Here too, the final size estimates are very similar, and provide essentially the same understanding of the potential outcomes of an epidemic in this population.

### Complete immunity to infection in part of the population

In this scenario, a fraction of each age group is completely immune to infection.
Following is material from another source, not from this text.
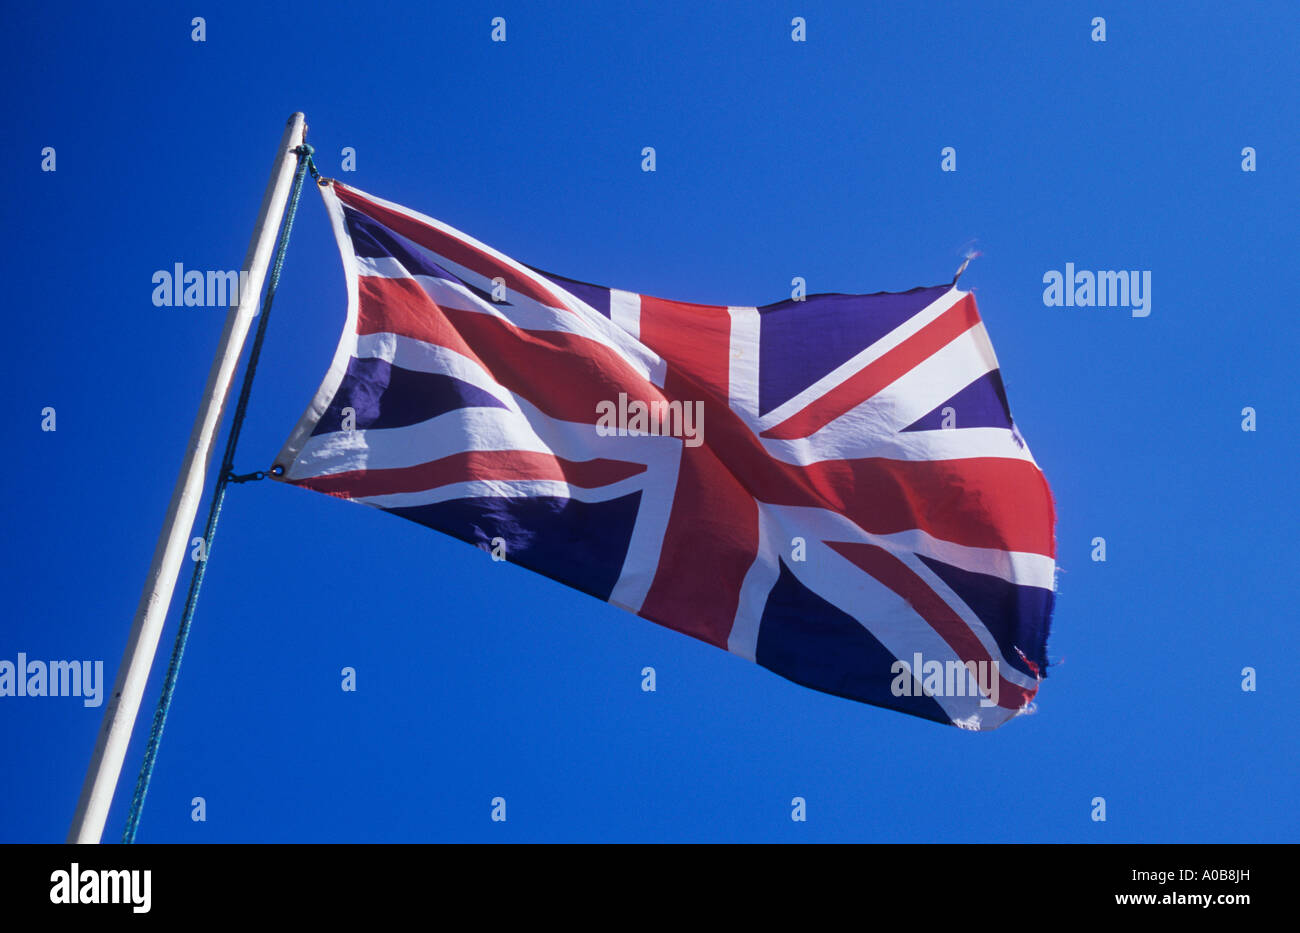 Union Jack flag fluttering from flagpole against clear blue sky Stock Photo

Additionally, individuals aged (0 -- 19) are much more likely to have complete immunity than older age groups.

```{r}
# Define susceptibility of each group
susceptibility <- matrix(1, nrow = length(demography_vector), ncol = 2)
susceptibility[, 2] <- 0.0

# view susceptibility
susceptibility

# Assume that some proportion are completely immune
# complete immunity is more common among younger individuals
p_susceptibility <- matrix(1, nrow = length(demography_vector), ncol = 2)
p_susceptibility[, 2] <- c(0.6, 0.5, 0.3)
p_susceptibility[, 1] <- 1 - p_susceptibility[, 2]

# view p_susceptibility
p_susceptibility
```

```{r}
final_size(
  r0 = r0,
  contact_matrix = contact_matrix,
  demography_vector = demography_vector,
  susceptibility = susceptibility,
  p_susceptibility = p_susceptibility
)

final_size_r(
  r0 = r0,
  contact_matrix = contact_matrix,
  demography_vector = demography_vector,
  susceptibility = susceptibility,
  p_susceptibility = p_susceptibility
)
```

Here, the method from `finalsize::final_size()` correctly provides estimates of 0.0 for the susceptibility group (in each age group) that is completely immune, while the SIR model method estimates that a very small fraction of the completely immune groups are still infected. This discrepancy is due to the assumption of initial conditions for the SIR model, wherein the same fraction ($1^{-8}$) are assumed to be initially infected.